Researchers looking into growing kelp for food in Atlantic Canada

A group of Atlantic Canada researchers is looking into how to grow kelp for food, and some chiefs at Holland College are helping them by coming up with new ways to serve the algae as a meal.

Canada's Smartest Kitchen at Holland College developing new ways to prepare algae

Sugar kelp is shown from one of the sites in Cape Breton. (Aquaculture Association of Nova Scotia)

Researchers in Atlantic Canada are looking into how to grow kelp for food, and some chiefs at Holland College are helping them by coming up with new ways to serve it as a meal.

Three community colleges in the region have teamed up to map out wild kelp beds underwater in order to identify where they can grow and study the algae.

Holland College's Canada's Smartest Kitchen is contributing to the project by exploring ways to make kelp tasty and nutritious.

"We're doing things like drying the kelp, powderizing it, using some fermenting techniques, pickling techniques," said Tim McRoberts, a chef and the director of Canada's Smartest Kitchen. 

"There's lots of different foods being made here such as breads or pickles, chips, crackers, a couple of beverages, some bakery items, and even a vegan jerky."

McRoberts said kelp is a low-calorie food that is eaten around the world. He said it could present a big opportunity for the Atlantic region, where production isn't as developed as in the West Coast.

There are a handful of farmers in Nova Scotia who were growing kelp as part of a pilot project.

Sustainable harvesting possible, researcher says

Tim Webster, director of the Applied Geomatics Research Group at the Nova Scotia Community College, said there's also some appetite to start growing kelp in Newfoundland.

Webster's team has been mapping the kelp beds by using remote sensing, and surveying them through underwater filming and other methods.

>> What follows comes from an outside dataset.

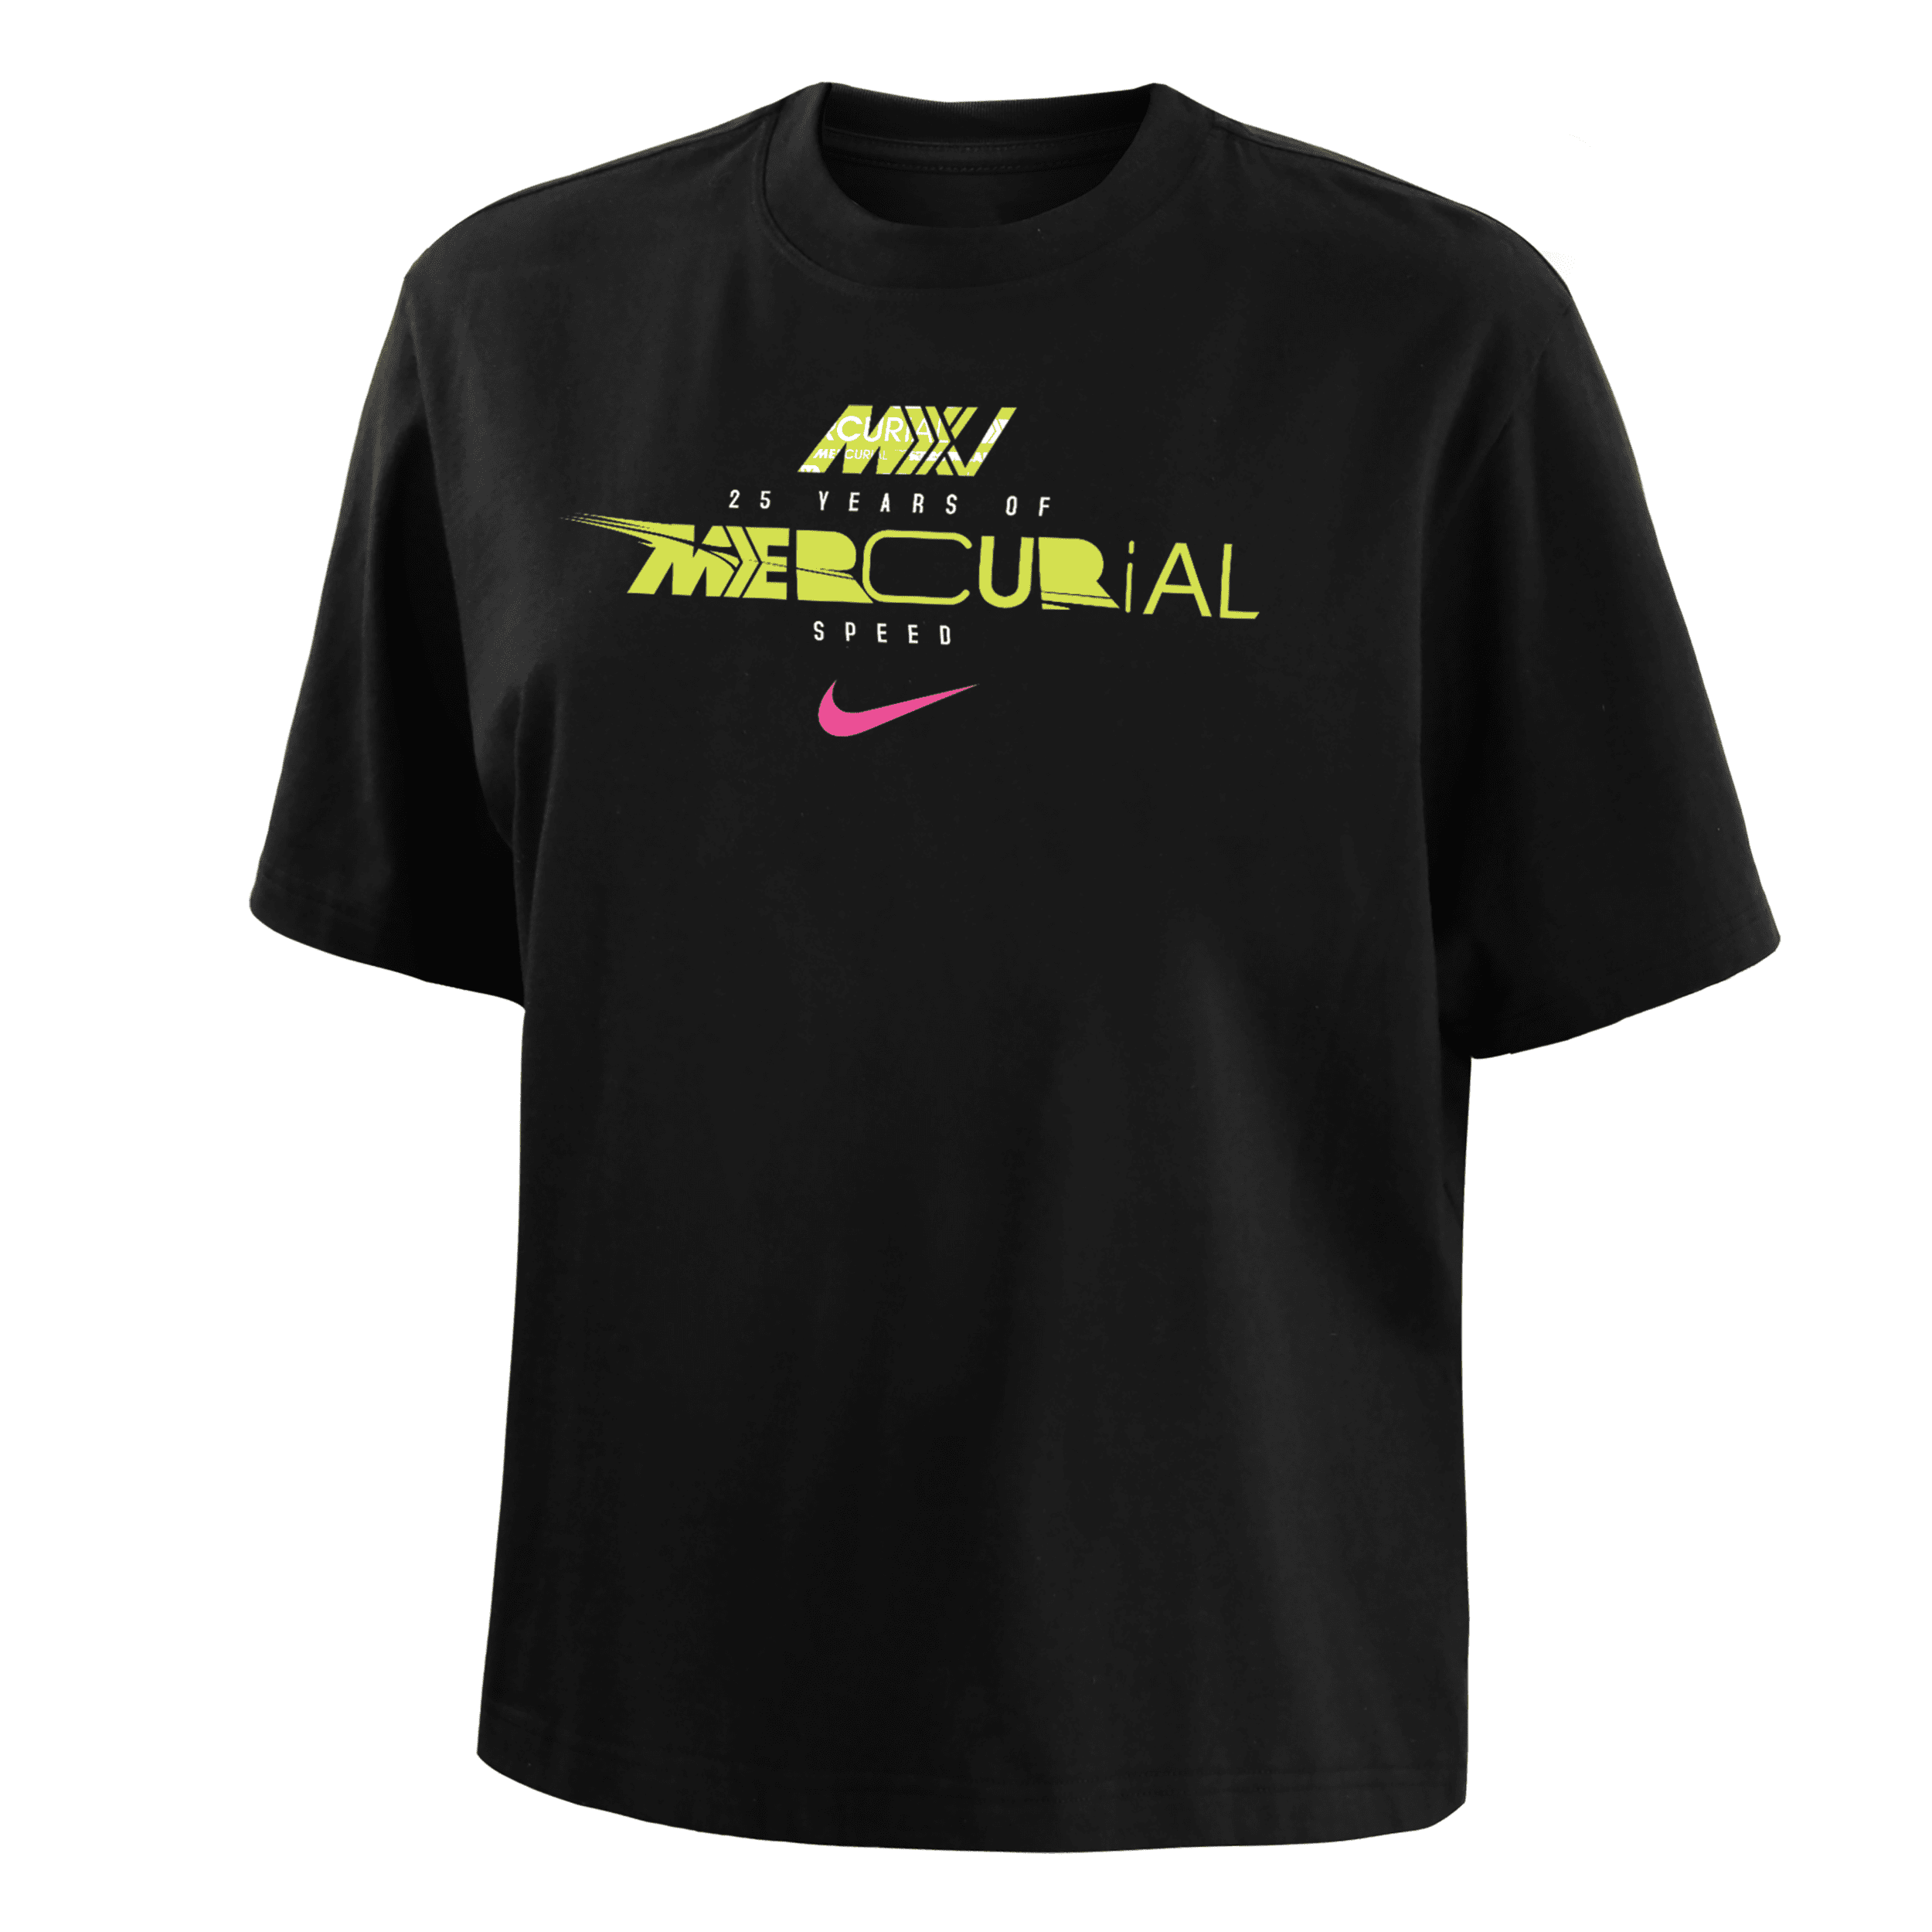 Nike Women's Mercurial 25th Anniversary T-shirt In Black

"From that, if people wanted to start growing kelp, they would then know where the local broodstock could be," he said. 

"They could use local kelp to start their farm, for example. As well, if the kelp is in good shape and everything is well, there's an opportunity, perhaps, to be able to harvest some of that in a sustainable manner so that we're not destroying it or damaging it beyond repair."

Webster said people could possibly harvest some of the wild kelp that attaches to bedrock or boulders as is done with rockweed, though he said all such activities should be sustainable.

One dish the kitchen has developed is a fettuccine pasta made from kelp, which turns into a brilliant green colour once it's boiled. Webster gave it a taste during a stop in Arichat in Cape Breton.

"They were nice and tender, very similar in texture to a noodle made with wheat. The flavour was very mild," he said. 

"I had it with a seafood sauce. Some of the folks from Arichat were very kind to give us some snow crab and so on. It turned out to be a lovely meal."

The College of the North Atlantic is the third institution participating in the project.